▶ **What to work on**:
Print the listing below a second time, exactly, and omit its images.

▶ **Material provided**:

══════════

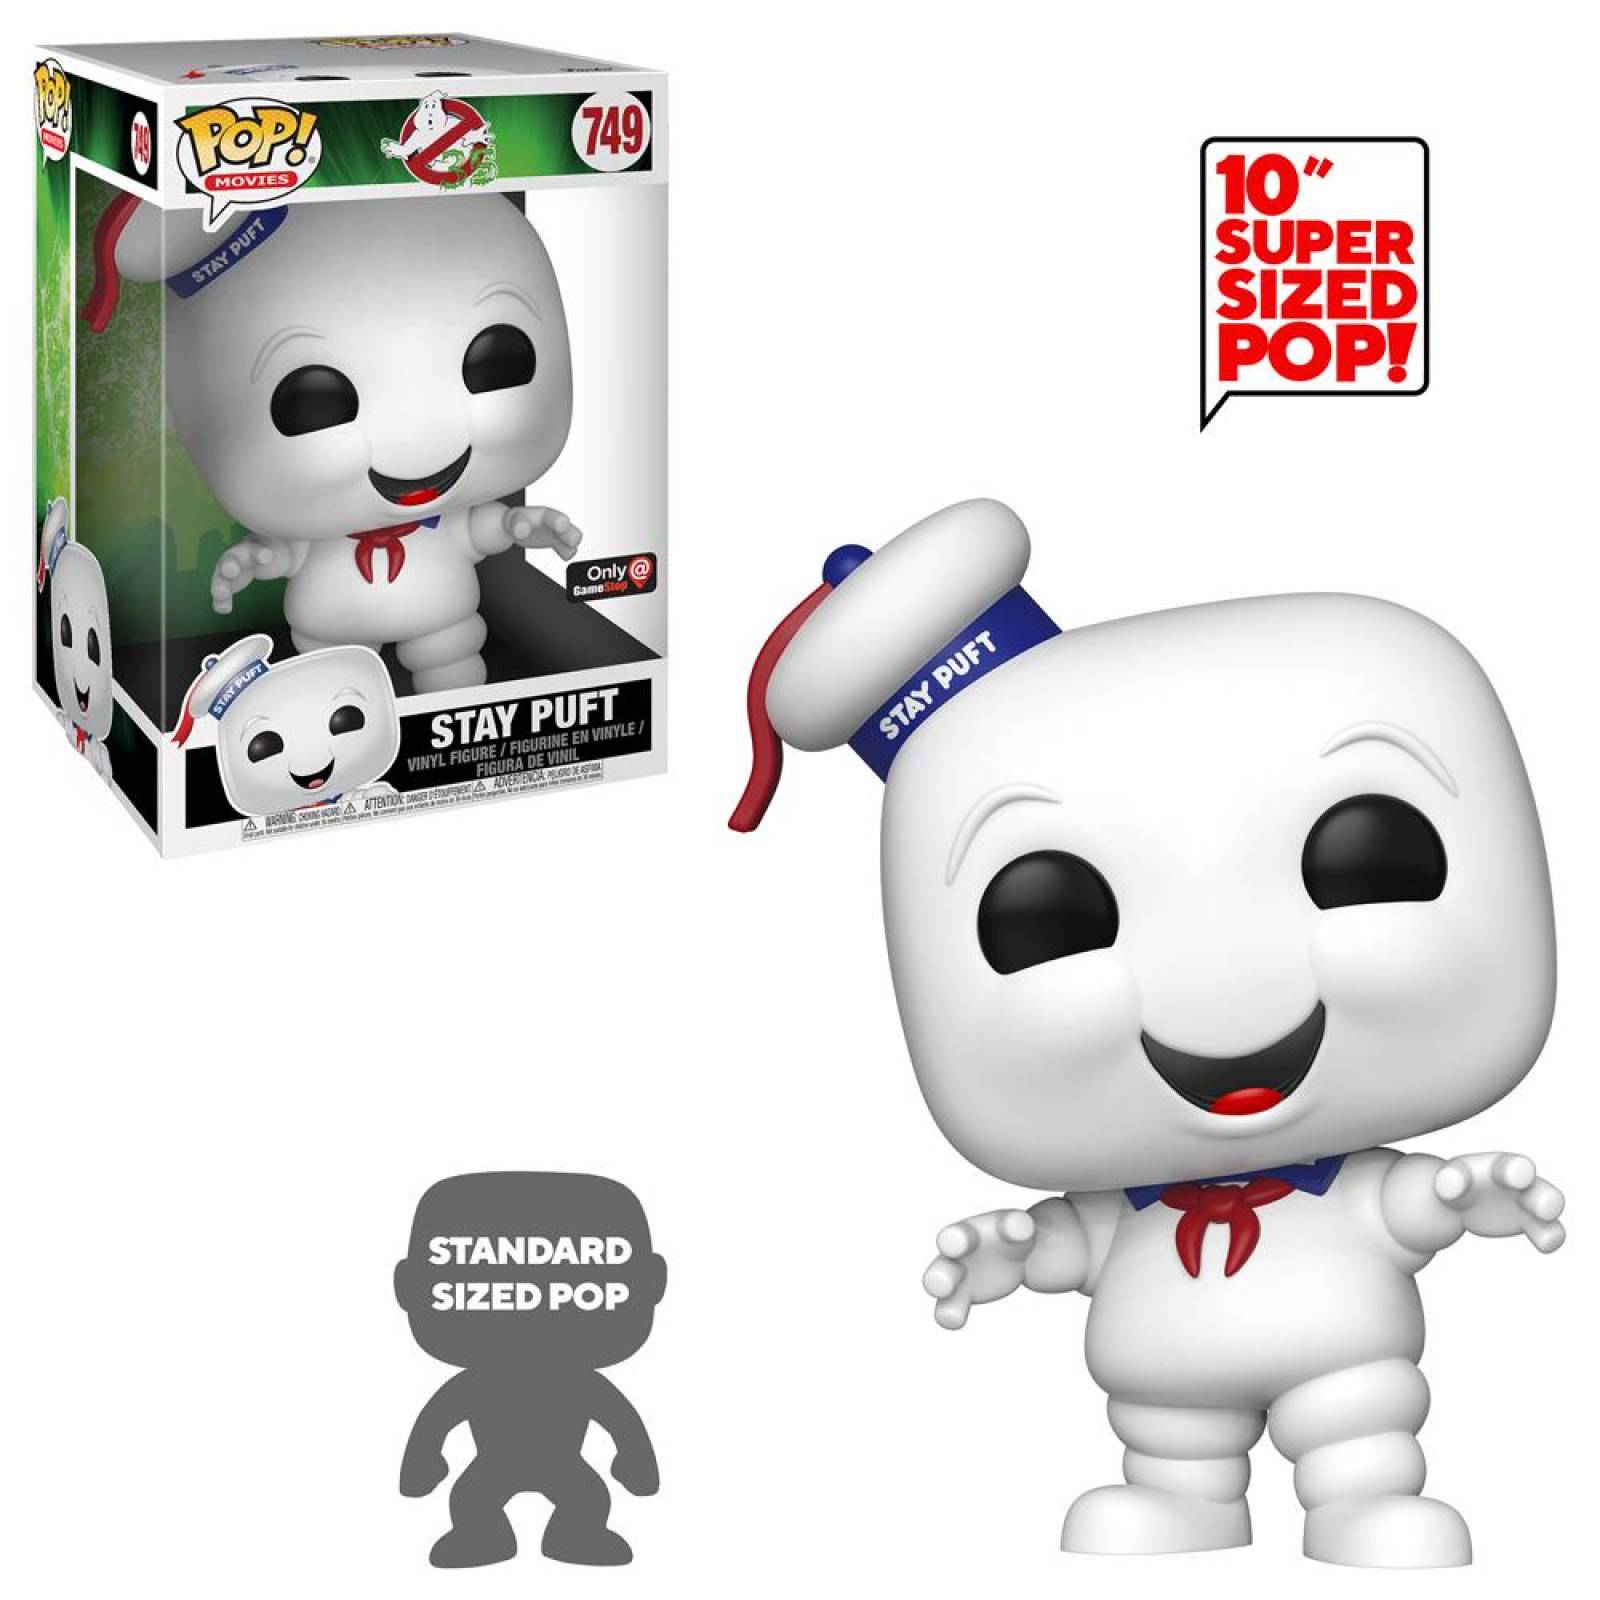 Stay Puff Funko Pop Ghostbusters Exclusivo 
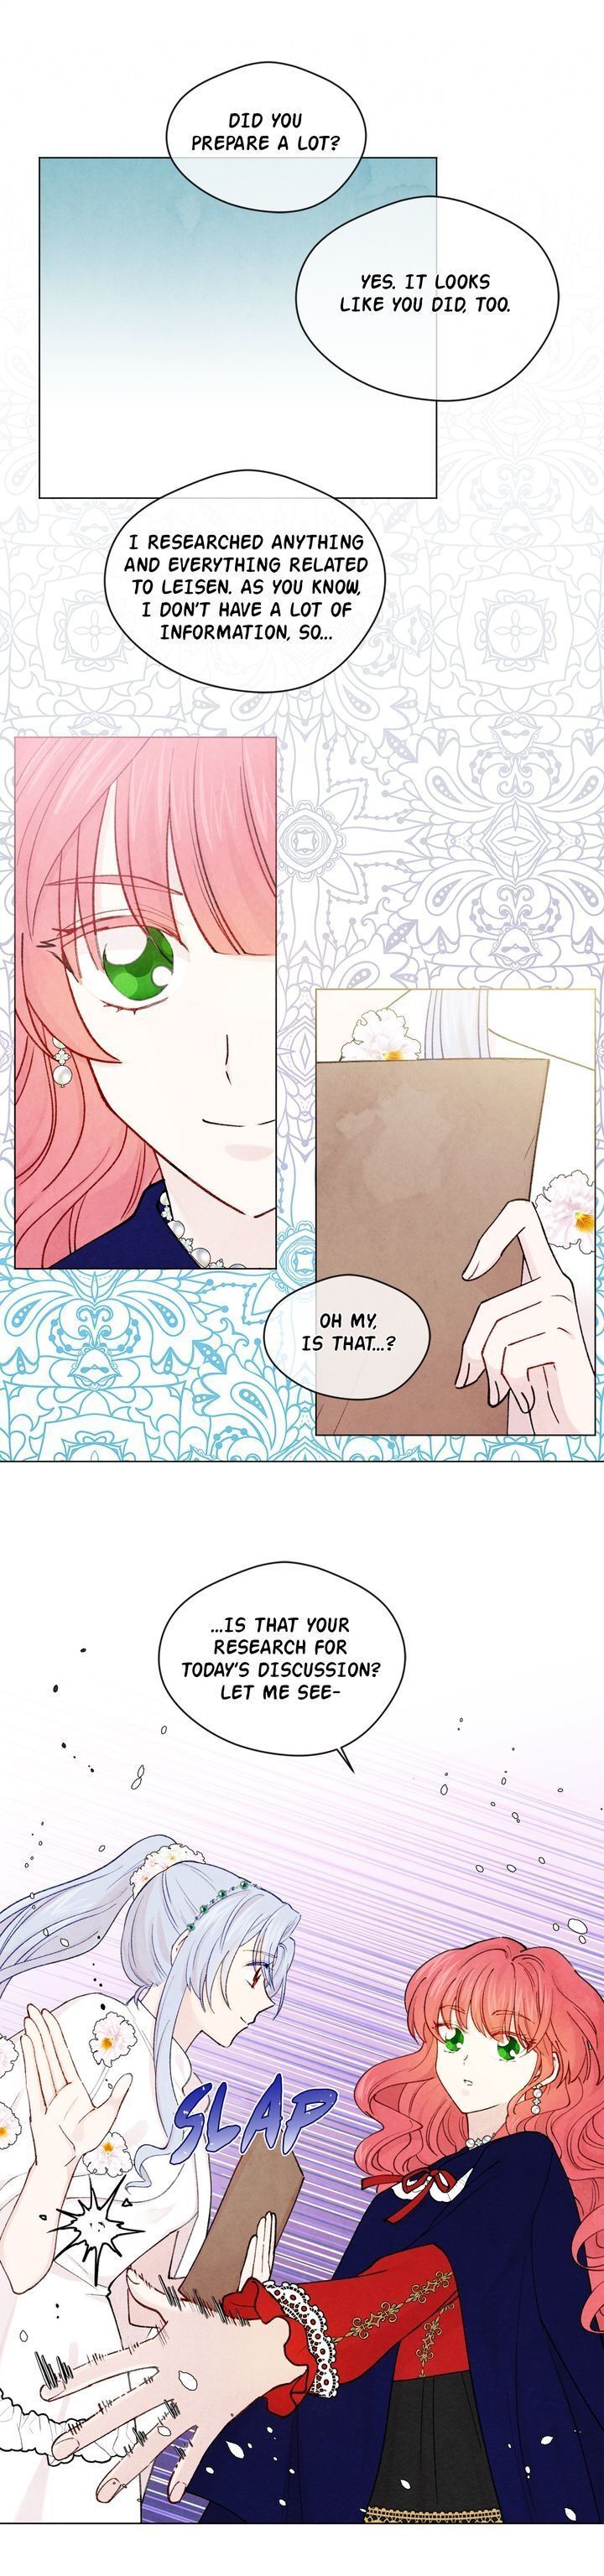 IRIS - Lady with a Smartphone Chapter 051 page 4
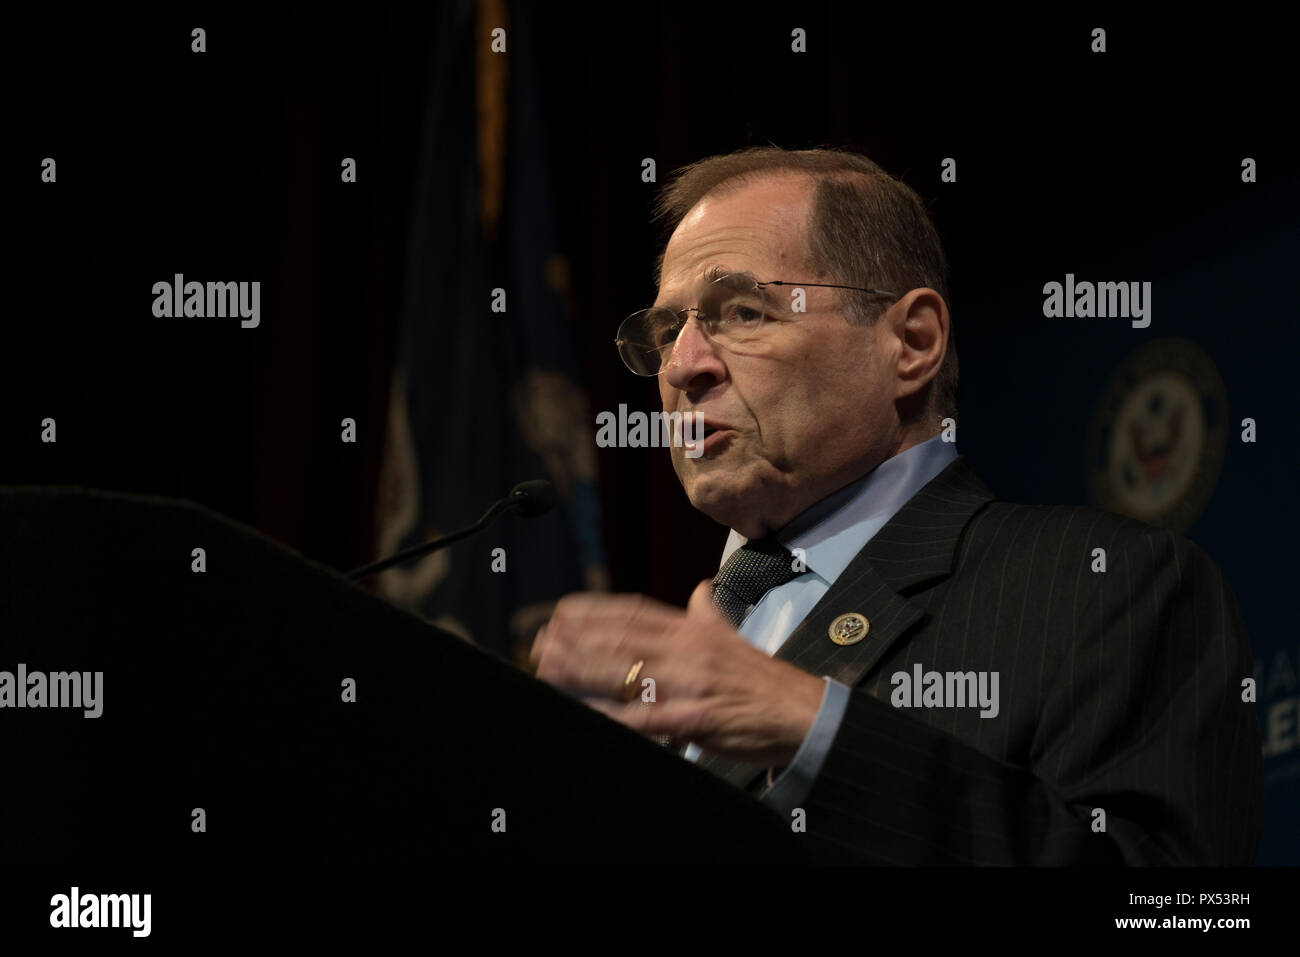 Congressman Jerrold Nadler (D-NY), who represents the 10th Congressional District, speaking at a Town Hall meeting in Manhattan on Oct. 9, 2018. Stock Photo
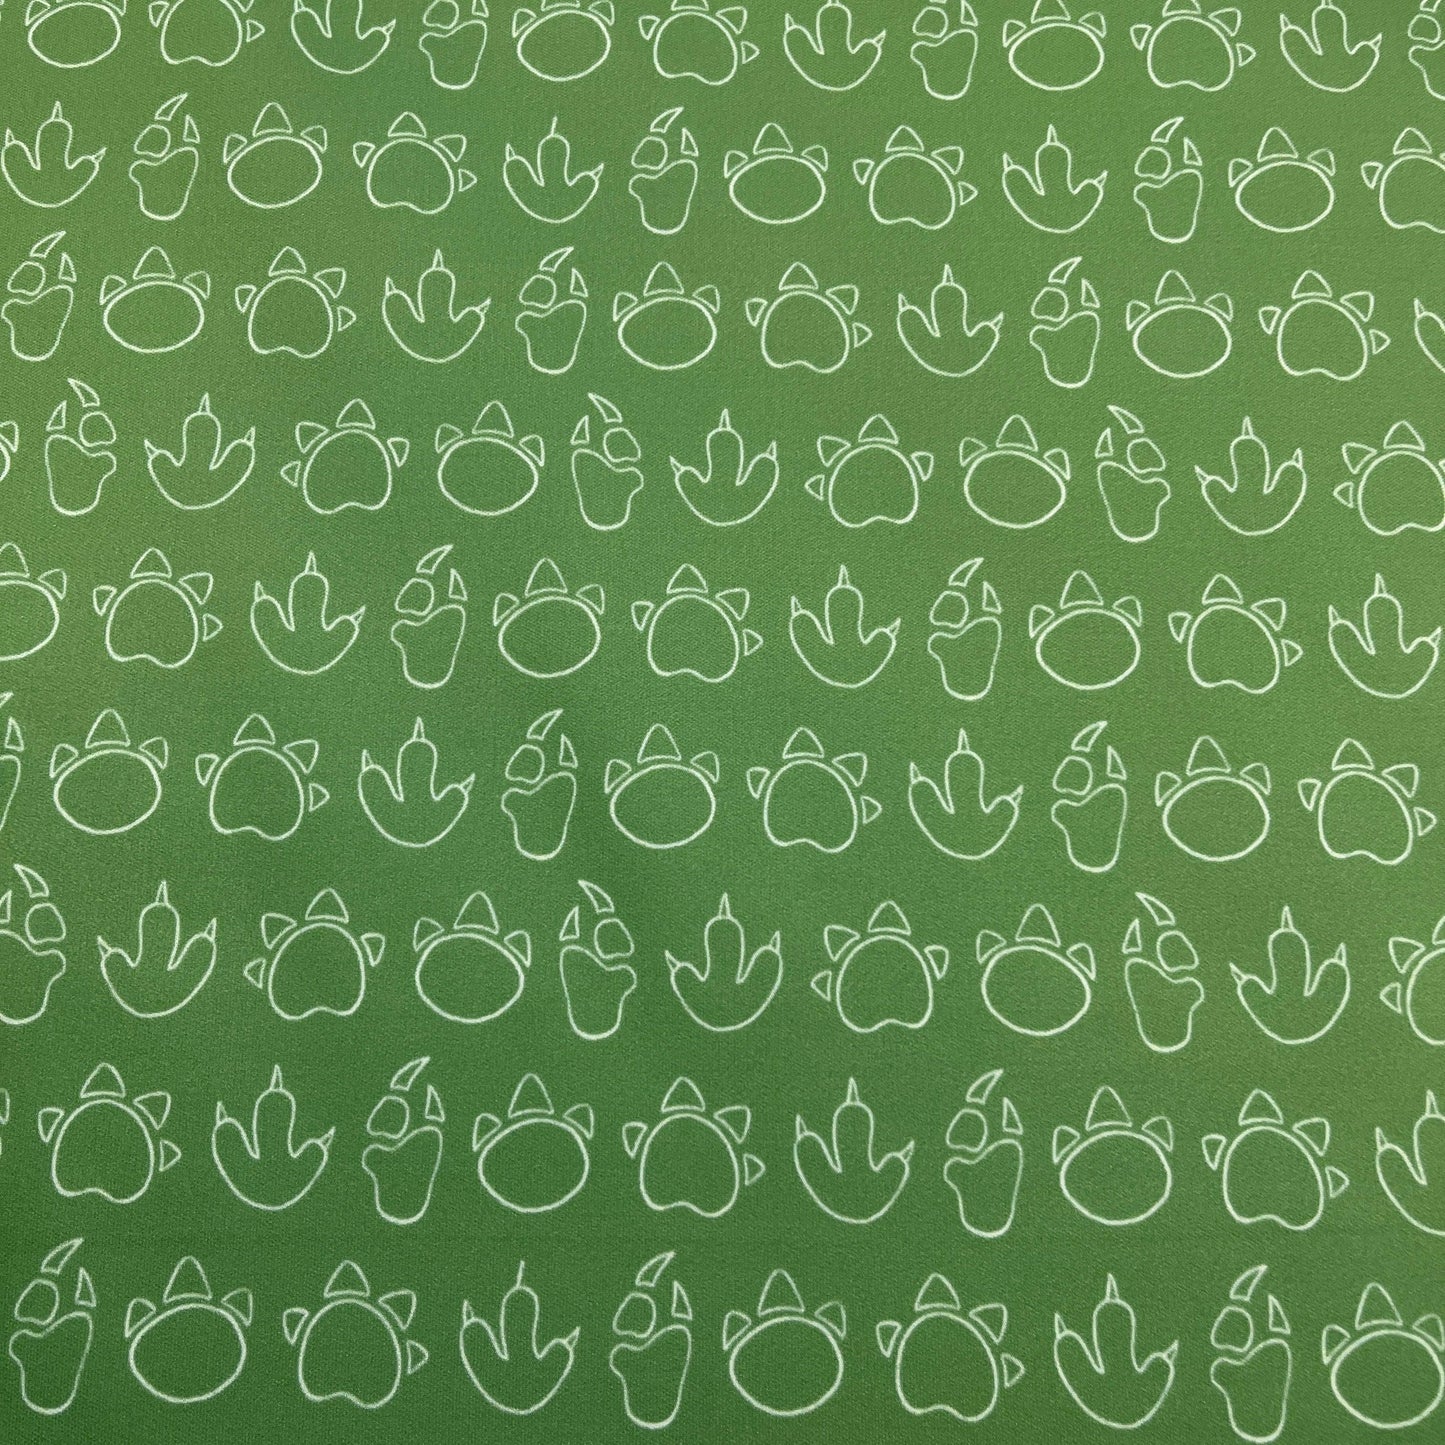 Dino Tracks on Green 1 mil PUL Fabric - Made in the USA - Nature's Fabrics

══════════

▶ **Task answer**:
 Stay Puff Funko Pop Ghostbusters Exclusivo 
 IRIS - Lady with a Smartphone Chapter 051 page 4
 Congressman Jerrold Nadler (D-NY), who represents the 10th Congressional District, speaking at a Town Hall meeting in Manhattan on Oct. 9, 2018. Stock Photo
 Dino Tracks on Green 1 mil PUL Fabric - Made in the USA - Nature's Fabrics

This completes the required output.